**Information given**
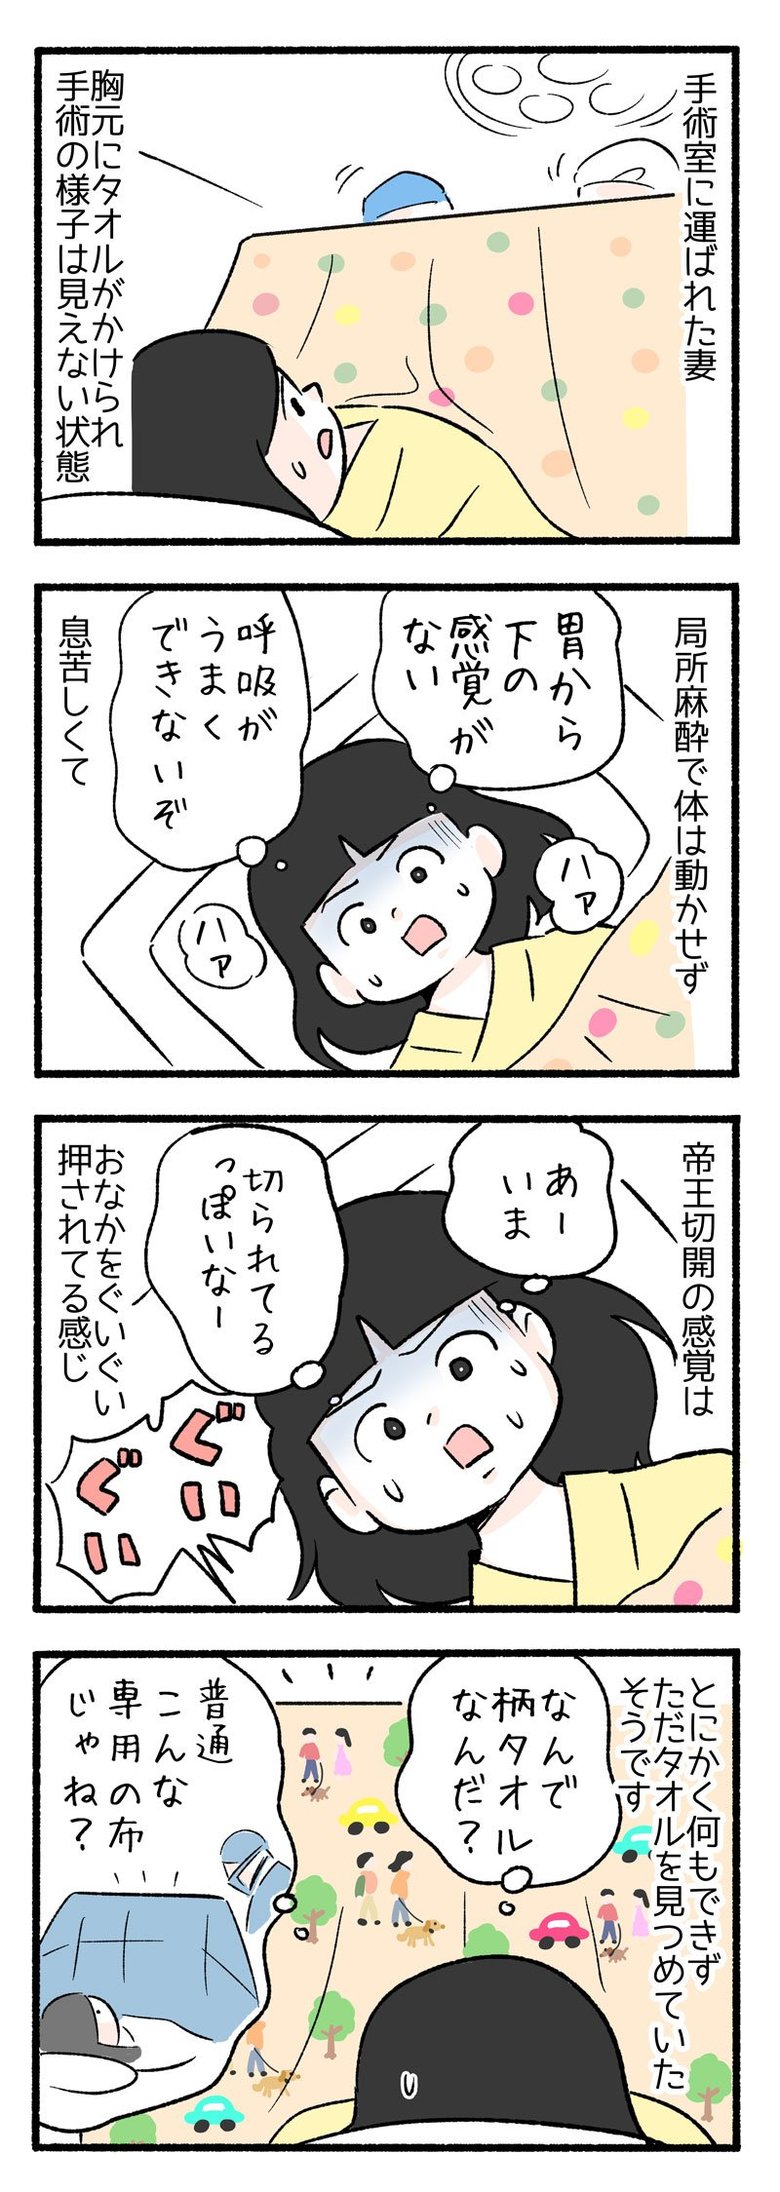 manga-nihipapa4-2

--

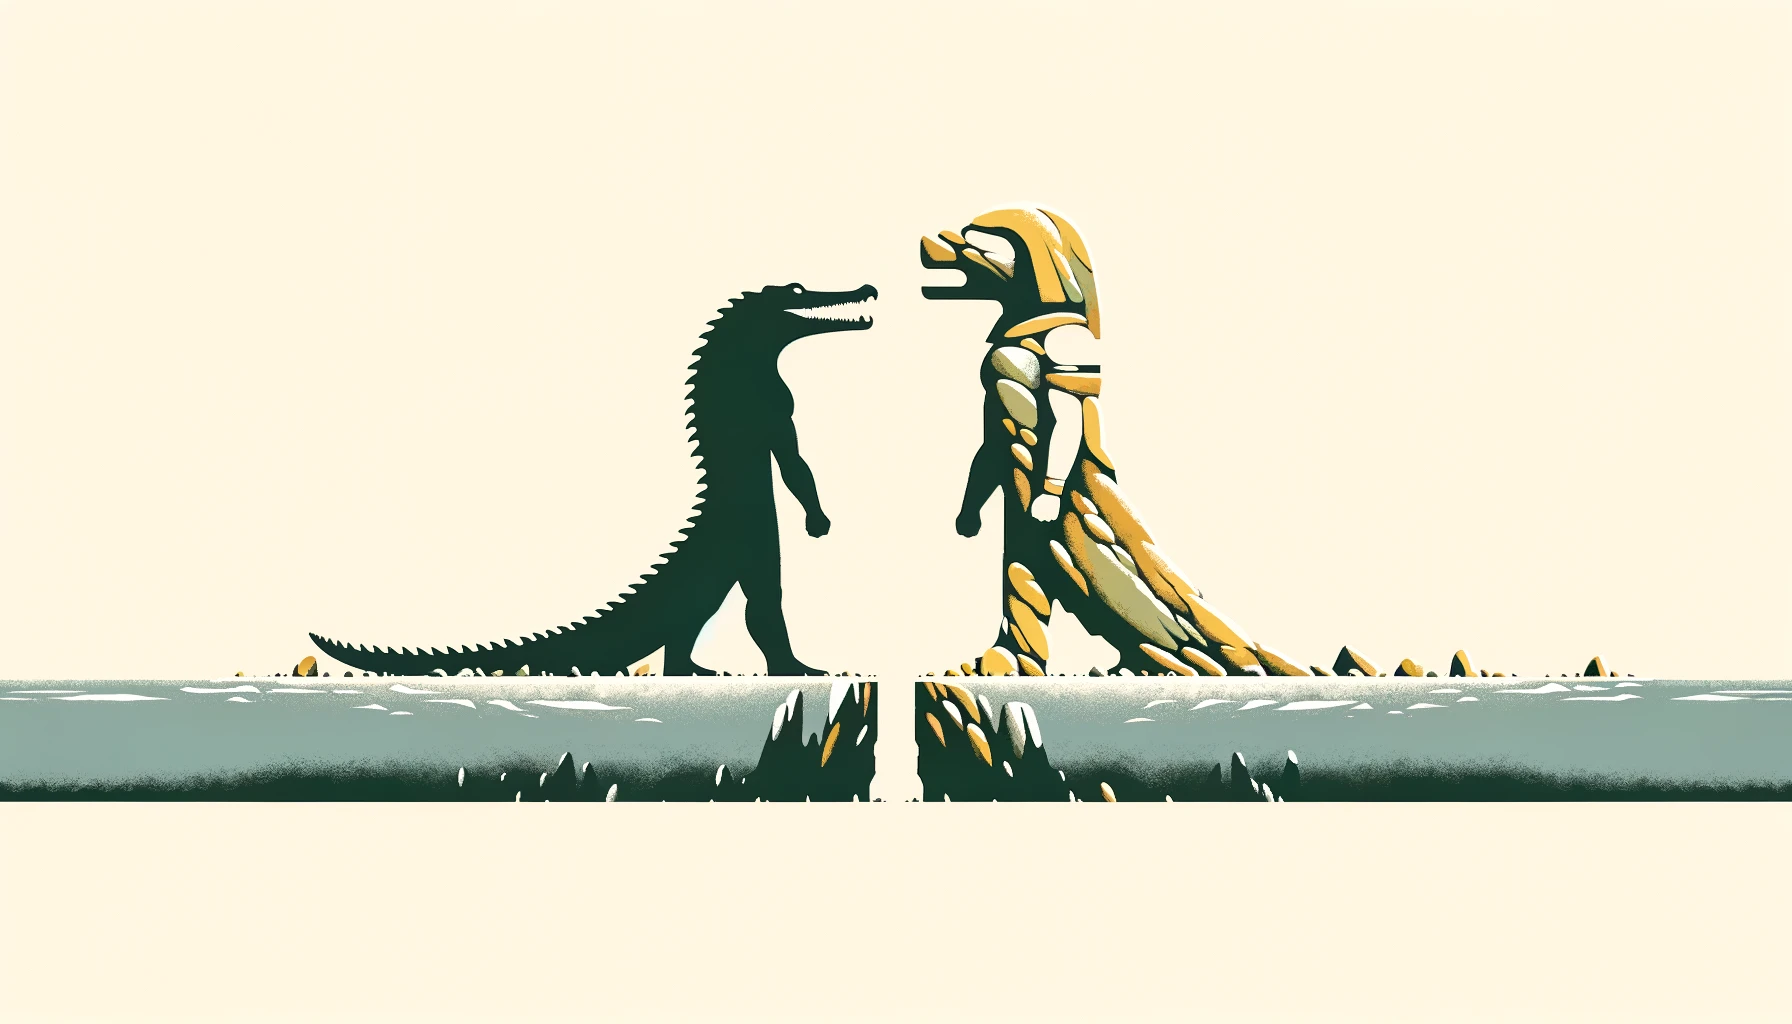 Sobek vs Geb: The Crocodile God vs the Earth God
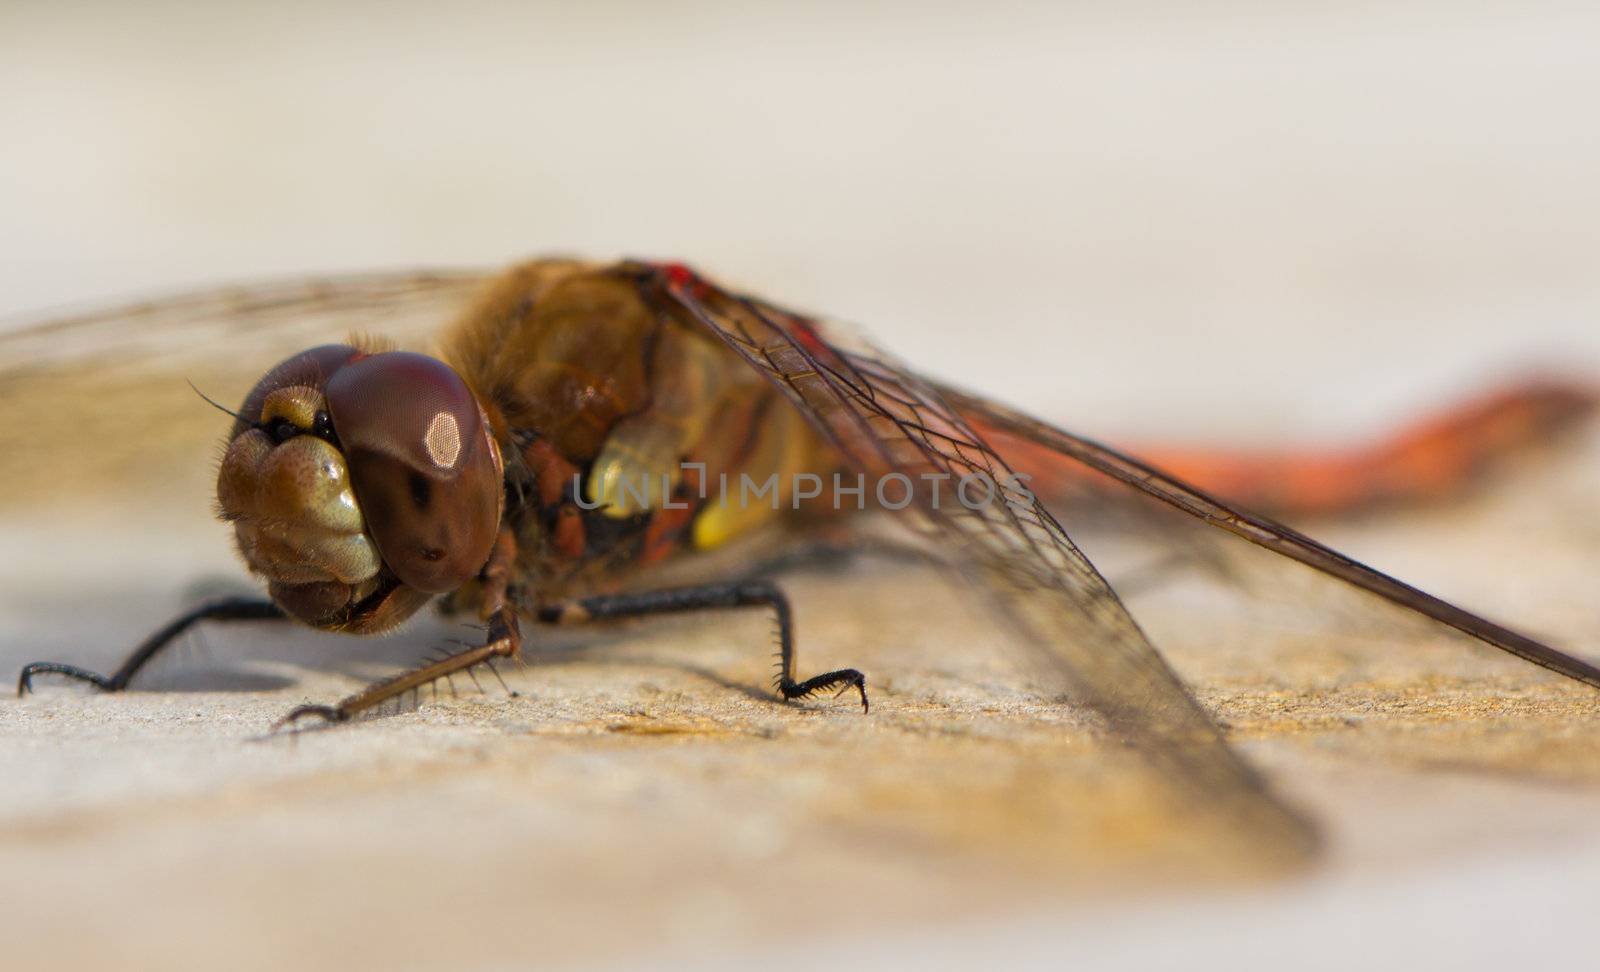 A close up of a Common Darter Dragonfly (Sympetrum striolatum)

**Instructions to follow**
All that should appear in the answer is the lines above from the line with "Sobek vs Geb: The" through the line with "A close up of", retyped exactly, pictures left out.

**Problem solution**
 Sobek vs Geb: The Crocodile God vs the Earth God
 A close up of a Common Darter Dragonfly (Sympetrum striolatum)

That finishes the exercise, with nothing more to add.